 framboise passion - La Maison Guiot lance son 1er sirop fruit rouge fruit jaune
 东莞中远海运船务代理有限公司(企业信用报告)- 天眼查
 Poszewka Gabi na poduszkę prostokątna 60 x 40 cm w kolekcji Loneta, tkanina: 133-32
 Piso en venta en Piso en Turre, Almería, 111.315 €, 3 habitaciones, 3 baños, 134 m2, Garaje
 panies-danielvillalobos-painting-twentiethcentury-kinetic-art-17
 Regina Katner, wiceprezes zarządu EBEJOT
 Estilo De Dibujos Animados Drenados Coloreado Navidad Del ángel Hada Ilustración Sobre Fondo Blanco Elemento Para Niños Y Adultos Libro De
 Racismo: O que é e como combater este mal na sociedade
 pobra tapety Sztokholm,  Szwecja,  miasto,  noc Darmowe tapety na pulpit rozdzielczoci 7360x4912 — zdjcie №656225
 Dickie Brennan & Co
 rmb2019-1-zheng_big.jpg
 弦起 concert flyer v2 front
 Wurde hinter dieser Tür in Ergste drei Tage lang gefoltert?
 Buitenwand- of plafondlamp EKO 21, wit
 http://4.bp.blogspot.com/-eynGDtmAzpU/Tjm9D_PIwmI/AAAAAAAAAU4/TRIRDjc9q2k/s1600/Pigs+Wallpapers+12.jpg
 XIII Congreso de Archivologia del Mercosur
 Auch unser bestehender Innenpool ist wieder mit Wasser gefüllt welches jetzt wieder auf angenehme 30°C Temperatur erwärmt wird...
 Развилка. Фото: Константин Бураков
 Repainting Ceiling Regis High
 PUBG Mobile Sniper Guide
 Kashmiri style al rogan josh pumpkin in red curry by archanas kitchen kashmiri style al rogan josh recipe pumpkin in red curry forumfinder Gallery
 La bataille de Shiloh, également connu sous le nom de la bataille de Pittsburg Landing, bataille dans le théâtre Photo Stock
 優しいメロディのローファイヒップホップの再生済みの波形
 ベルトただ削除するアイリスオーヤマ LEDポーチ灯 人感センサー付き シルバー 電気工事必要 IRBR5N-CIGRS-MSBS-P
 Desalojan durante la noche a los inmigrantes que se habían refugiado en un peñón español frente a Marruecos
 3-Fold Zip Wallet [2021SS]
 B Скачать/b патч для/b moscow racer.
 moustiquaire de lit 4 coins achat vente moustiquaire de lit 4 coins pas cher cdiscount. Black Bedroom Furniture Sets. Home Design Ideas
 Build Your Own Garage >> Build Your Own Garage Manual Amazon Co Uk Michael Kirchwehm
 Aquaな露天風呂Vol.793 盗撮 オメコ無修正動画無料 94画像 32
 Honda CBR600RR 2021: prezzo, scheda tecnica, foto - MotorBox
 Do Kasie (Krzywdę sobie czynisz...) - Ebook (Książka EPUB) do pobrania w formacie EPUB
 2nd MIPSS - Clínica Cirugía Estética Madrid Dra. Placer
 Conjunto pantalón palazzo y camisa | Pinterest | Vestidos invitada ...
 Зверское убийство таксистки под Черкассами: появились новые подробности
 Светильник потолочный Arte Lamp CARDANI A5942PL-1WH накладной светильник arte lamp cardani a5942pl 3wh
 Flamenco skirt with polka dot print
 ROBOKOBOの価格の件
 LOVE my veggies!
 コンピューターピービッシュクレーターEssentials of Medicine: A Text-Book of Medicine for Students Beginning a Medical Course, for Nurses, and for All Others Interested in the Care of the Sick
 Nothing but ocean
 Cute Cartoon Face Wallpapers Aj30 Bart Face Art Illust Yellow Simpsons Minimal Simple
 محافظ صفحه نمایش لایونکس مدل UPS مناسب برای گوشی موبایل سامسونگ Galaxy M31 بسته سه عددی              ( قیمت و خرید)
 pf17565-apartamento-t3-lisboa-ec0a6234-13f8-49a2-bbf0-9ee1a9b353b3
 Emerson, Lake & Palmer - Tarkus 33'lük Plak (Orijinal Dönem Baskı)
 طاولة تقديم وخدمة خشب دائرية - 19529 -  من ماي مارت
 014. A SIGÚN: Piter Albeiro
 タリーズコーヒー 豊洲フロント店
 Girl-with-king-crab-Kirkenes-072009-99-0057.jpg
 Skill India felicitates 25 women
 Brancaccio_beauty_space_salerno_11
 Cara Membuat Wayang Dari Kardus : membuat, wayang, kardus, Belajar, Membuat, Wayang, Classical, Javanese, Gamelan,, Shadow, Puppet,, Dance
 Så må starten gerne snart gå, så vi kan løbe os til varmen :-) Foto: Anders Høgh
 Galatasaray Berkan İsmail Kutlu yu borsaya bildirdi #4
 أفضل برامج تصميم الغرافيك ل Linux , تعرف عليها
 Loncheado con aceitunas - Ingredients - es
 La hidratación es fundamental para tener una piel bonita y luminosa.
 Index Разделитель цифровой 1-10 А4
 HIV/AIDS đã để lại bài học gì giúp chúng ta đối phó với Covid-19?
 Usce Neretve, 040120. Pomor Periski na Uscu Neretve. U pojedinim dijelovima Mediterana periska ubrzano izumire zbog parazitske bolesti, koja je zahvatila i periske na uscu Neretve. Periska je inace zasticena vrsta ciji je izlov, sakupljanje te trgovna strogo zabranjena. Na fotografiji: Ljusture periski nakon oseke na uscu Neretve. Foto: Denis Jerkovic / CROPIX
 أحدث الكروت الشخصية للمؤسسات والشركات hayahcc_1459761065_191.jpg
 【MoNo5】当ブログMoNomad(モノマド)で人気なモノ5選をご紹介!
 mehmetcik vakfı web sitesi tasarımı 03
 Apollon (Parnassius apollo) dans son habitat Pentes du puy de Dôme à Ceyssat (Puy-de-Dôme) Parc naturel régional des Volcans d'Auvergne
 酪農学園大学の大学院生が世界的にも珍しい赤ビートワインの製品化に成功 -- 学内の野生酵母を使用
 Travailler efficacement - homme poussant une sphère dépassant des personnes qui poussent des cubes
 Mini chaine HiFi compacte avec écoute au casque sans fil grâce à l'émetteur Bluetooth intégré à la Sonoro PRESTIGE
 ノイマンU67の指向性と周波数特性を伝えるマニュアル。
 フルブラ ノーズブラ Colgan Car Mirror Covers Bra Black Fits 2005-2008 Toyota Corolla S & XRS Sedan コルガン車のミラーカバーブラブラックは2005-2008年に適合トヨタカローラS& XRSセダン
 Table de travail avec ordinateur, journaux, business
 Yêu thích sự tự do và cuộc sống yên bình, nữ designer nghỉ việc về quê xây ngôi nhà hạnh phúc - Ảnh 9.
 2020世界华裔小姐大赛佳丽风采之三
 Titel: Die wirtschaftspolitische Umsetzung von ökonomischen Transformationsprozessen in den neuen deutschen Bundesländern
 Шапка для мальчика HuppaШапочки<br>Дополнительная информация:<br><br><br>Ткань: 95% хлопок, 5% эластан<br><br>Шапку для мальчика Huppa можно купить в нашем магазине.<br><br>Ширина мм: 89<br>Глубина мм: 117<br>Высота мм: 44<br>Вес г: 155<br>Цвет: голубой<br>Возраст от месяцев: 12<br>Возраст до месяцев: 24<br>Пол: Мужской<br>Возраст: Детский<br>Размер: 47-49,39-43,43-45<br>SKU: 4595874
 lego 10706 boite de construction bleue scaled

··········

* Task directions
If a line in the records includes the string "dans", copy it.

* Final answer
 La bataille de Shiloh, également connu sous le nom de la bataille de Pittsburg Landing, bataille dans le théâtre Photo Stock
 Apollon (Parnassius apollo) dans son habitat Pentes du puy de Dôme à Ceyssat (Puy-de-Dôme) Parc naturel régional des Volcans d'Auvergne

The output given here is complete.